──────── Recorded information
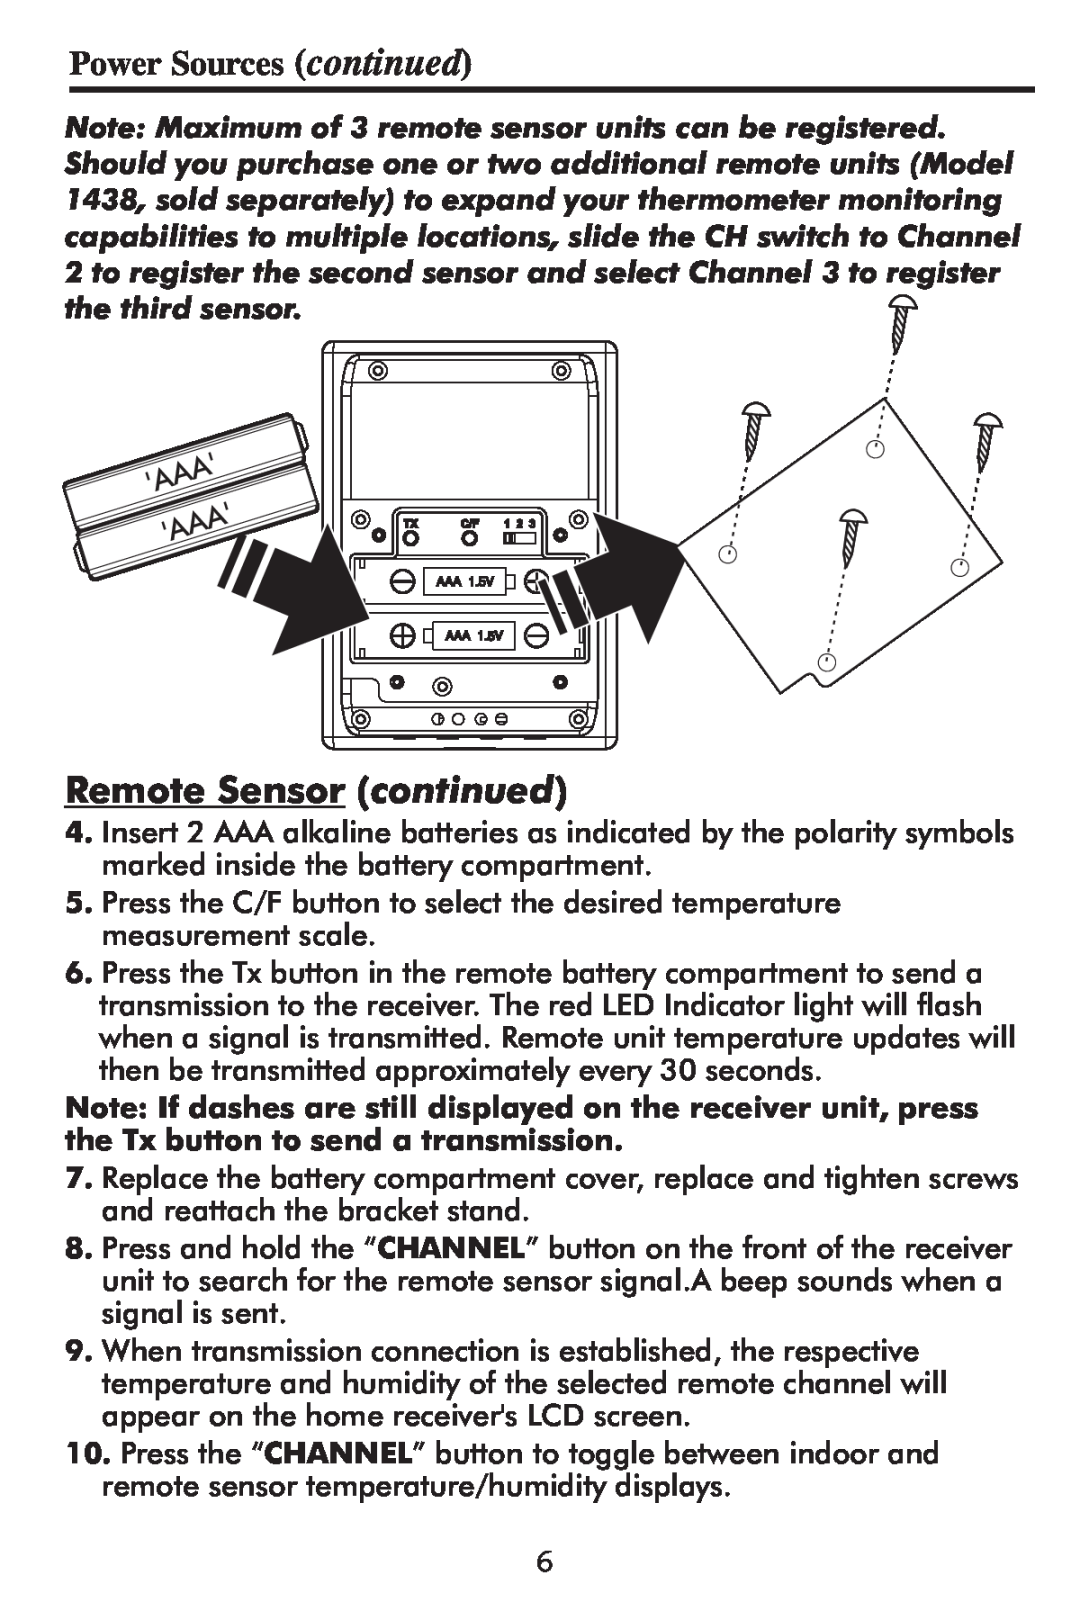 Taylor 1507 instruction manual Remote Sensor continued, Power Sources continued 
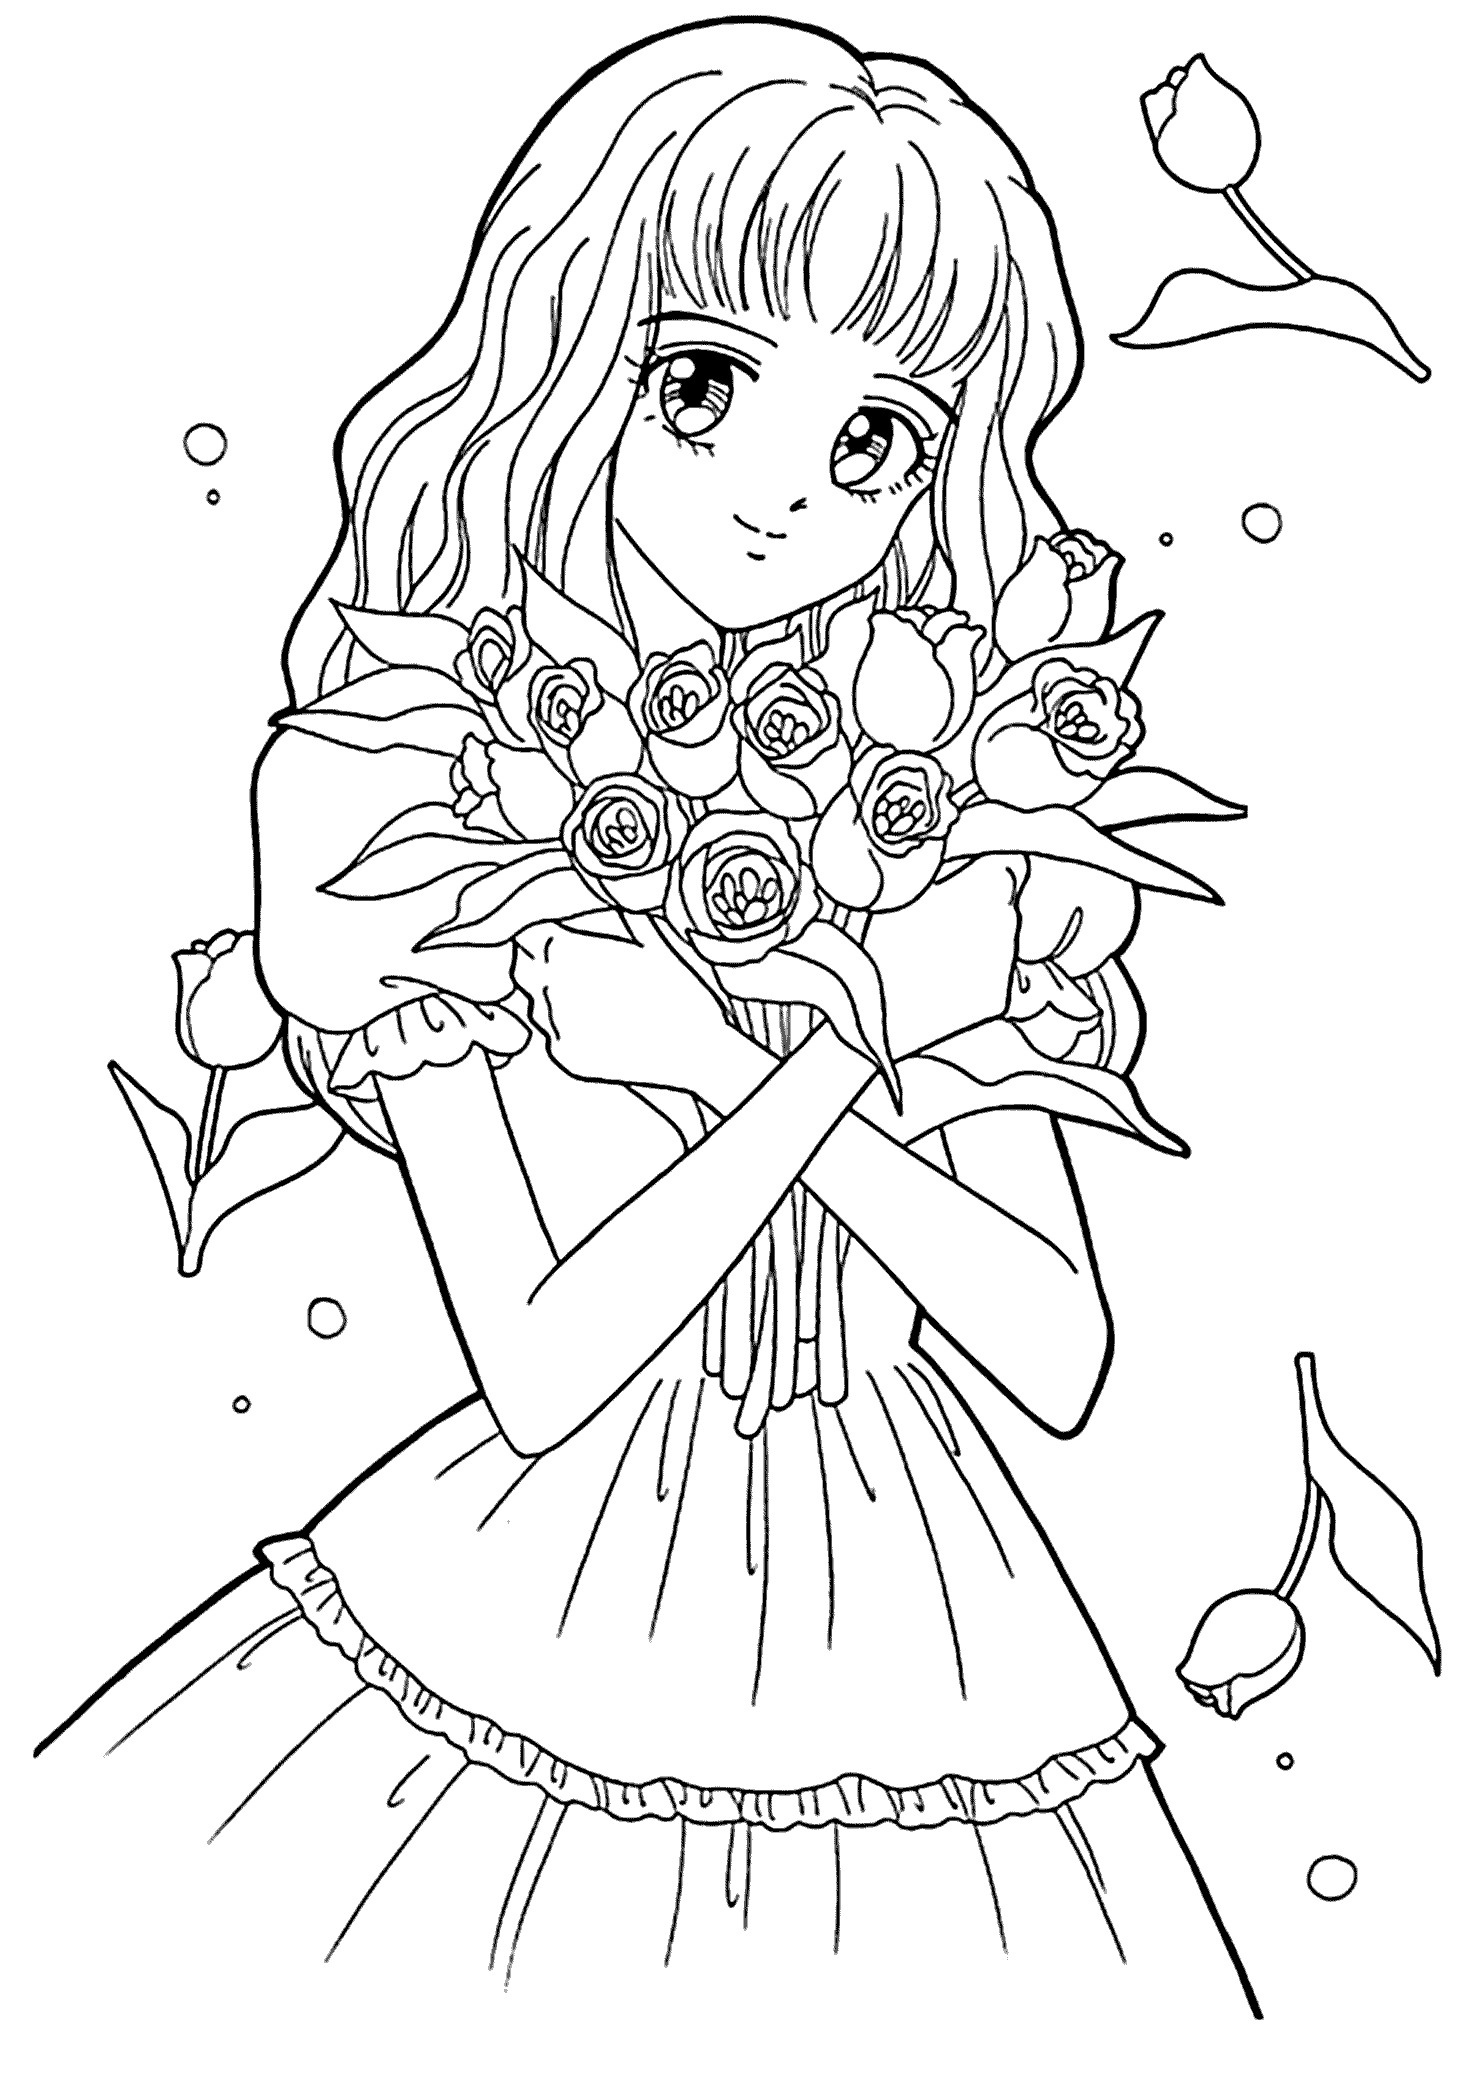 Coloring Pages For Girls Teens
 Best Free Printable Coloring Pages for Kids and Teens
────────────────
§ **Work to be completed**
Everything in the data except the pictures must appear in your answer unchanged.

§ **Response box**
 Taylor 1507 instruction manual Remote Sensor continued, Power Sources continued 
 Coloring Pages For Girls Teens
 Best Free Printable Coloring Pages for Kids and Teens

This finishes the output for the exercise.